There are multiple different factors that affect the calculation of fuzzy matches, for example:
- Word order
- Punctuation
- Formatting tags
- Matches that are longer than the source string
TM Auto-Substitution
Auto-Substitution is aimed to increase the benefit of using the translation memory (TM) by suggesting translations with a higher similarity match. The feature substitutes the non-translatable elements (such as tags, HTML entities, placeholders, numbers, and more) in translations suggested by TM by the ones used in the source strings.
To enable the Auto-substitution feature, open your project and go to Settings > Translation Memories.
Non-translatable Elements that can be Auto-substituted
Auto-substitution feature can substitute the following non-translatable elements:
Non-translatable elements | Source string example | TM suggestion (German) | Improved TM suggestion |
---|---|---|---|
Tags | <b %s>Help</b> | <span>Hilfe<span> | <b %s>Hilfe</b> |
HTML entities | Currency € | Währung ¥ | Währung € |
Line breaks | Profile | Profil<br/> | Profil |
Escape sequences (\r\n, \r, \n, \t, unicode, hex) | Translation \x42 | Übersetzung \u4242 | Übersetzung \x42 |
Non-escaped equivalents of \r\n, \r, \n, \t | Translated by \n TM | Übersetzt vom Übersetzungsspeicher | Übersetzt vom \n Übersetzungsspeicher |
Placeholders | Example %s | Beispiel %1$s | Beispiel %s |
Numbers | Attempt 2 | Versuch 5 | Versuch 2 |
Letter case | Log in | einloggen | Einloggen |
Special characters | Help? | Hilfe! | Hilfe? |
URLs | More Information: https://crowdin.com/page/tour | Weitere Infos: https://crowdin.com/ | Weitere Infos: https://crowdin.com/page/tour |
ICU syntax | Get {discountPercent, number, percent} discount | Erhalte {discountValue, number, currency} Rabatt | Erhalte {discountPercent, number, percent} Rabatt |
Auto-substitution for Pre-translation
Once you enable the TM auto-substitution, you can leverage improved TM suggestions during pre-translation. Be sure to set a minimum match ratio to 100%. This will result in including 100% TM matches along with the ones improved to 100% by TM auto-substitution.
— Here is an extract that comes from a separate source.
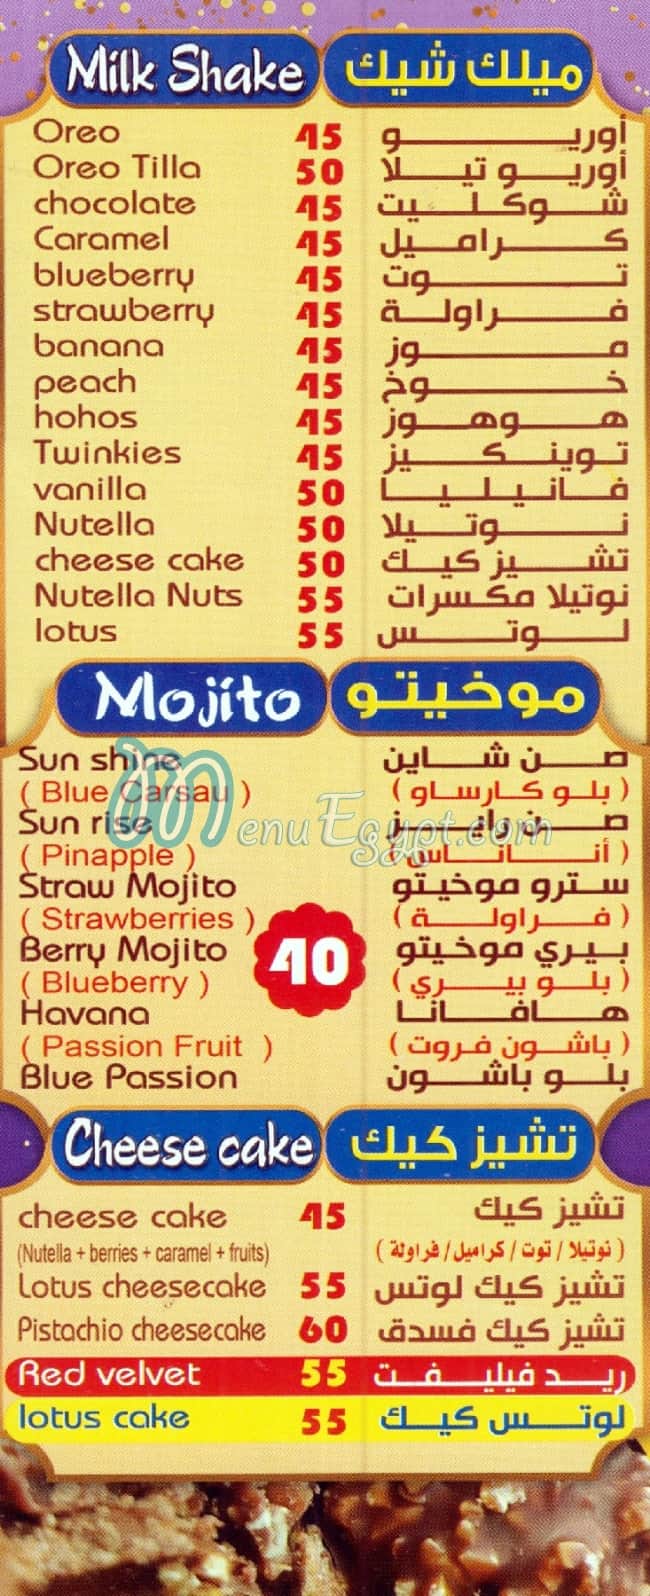 Choco Roll egypt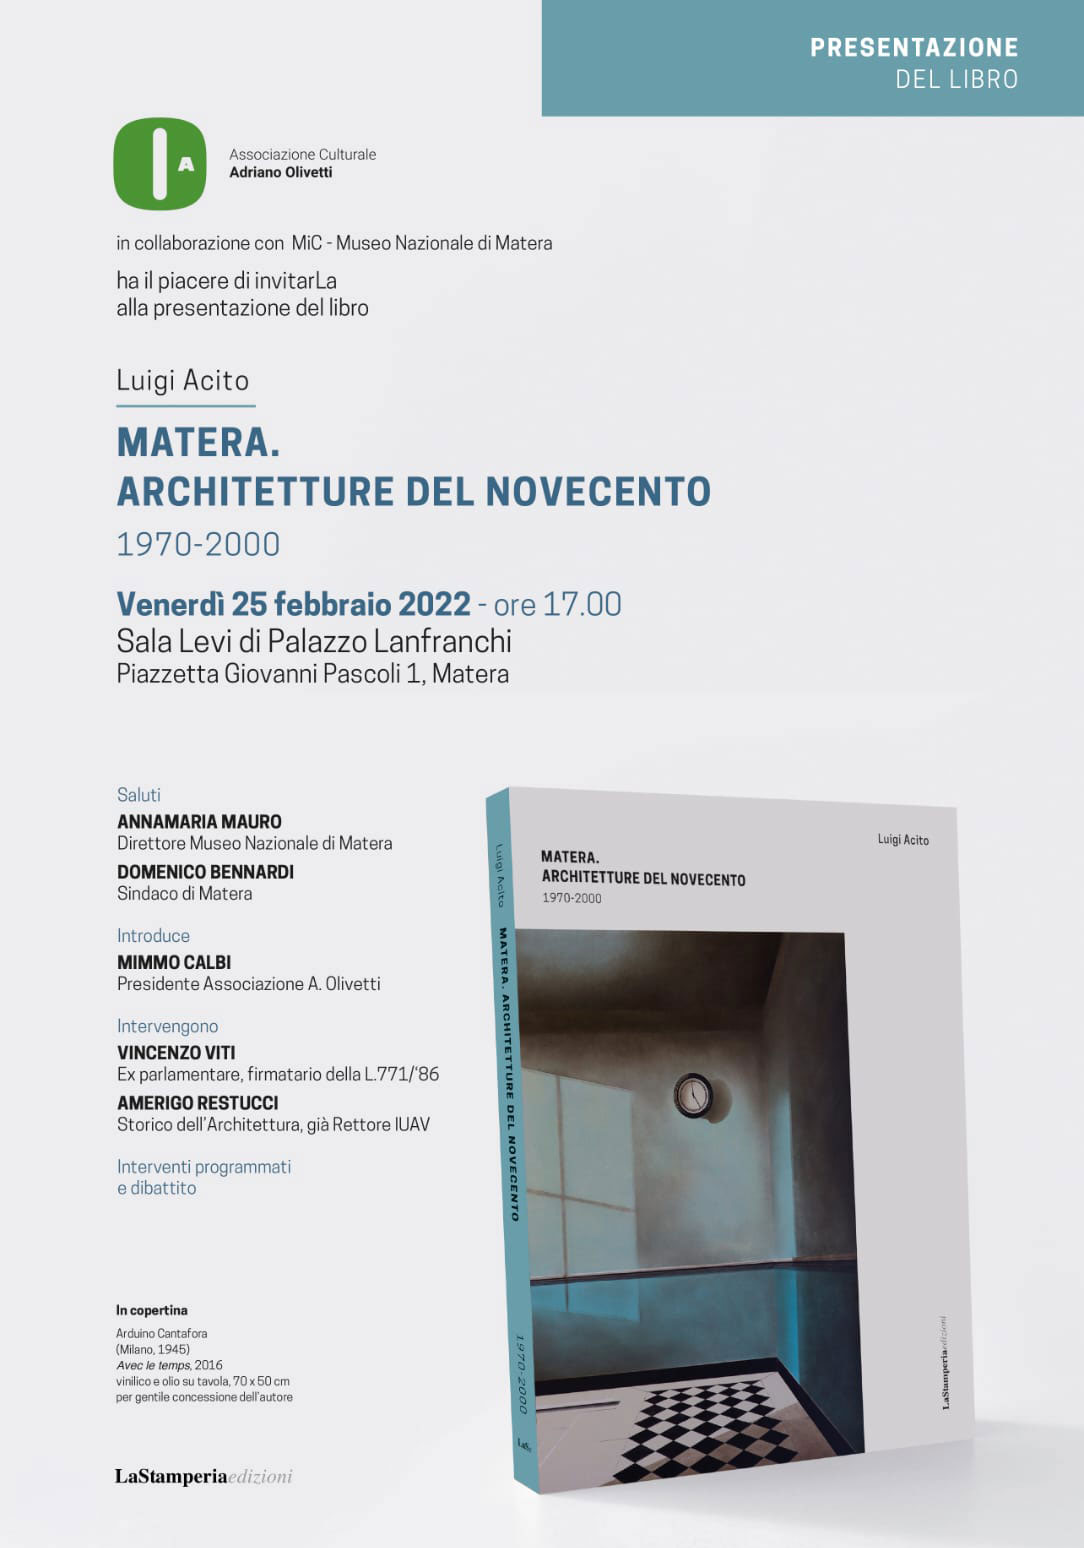 Presentazione del libro "Matera. Achitetture del Novecento 1970-2000" a Palazzo Lanfranchi

Auto-substitution for TM Suggestions
With the Auto-substitution feature, translators can see the improved TM suggestions in the Editor. The percentage below the improved suggestion shows the match percentage of the original TM suggestion and the improved one.
Cost Reports
Once the feature is enabled, it will affect how the Costs Estimate and Translation Cost reports are calculated.
Costs Estimate report would count TM suggestions that can potentially be improved by the auto-substitution feature based on the highest similarity match to which those strings can be improved. For example, a match that can be improved from a 75% match to a 100% match would be considered a 100% match.
Translation Cost report would count TM suggestions improved by the auto-substitution feature as regular TM suggestions. For example, a match improved from a 75% match to a 100% match would be considered a 100% match.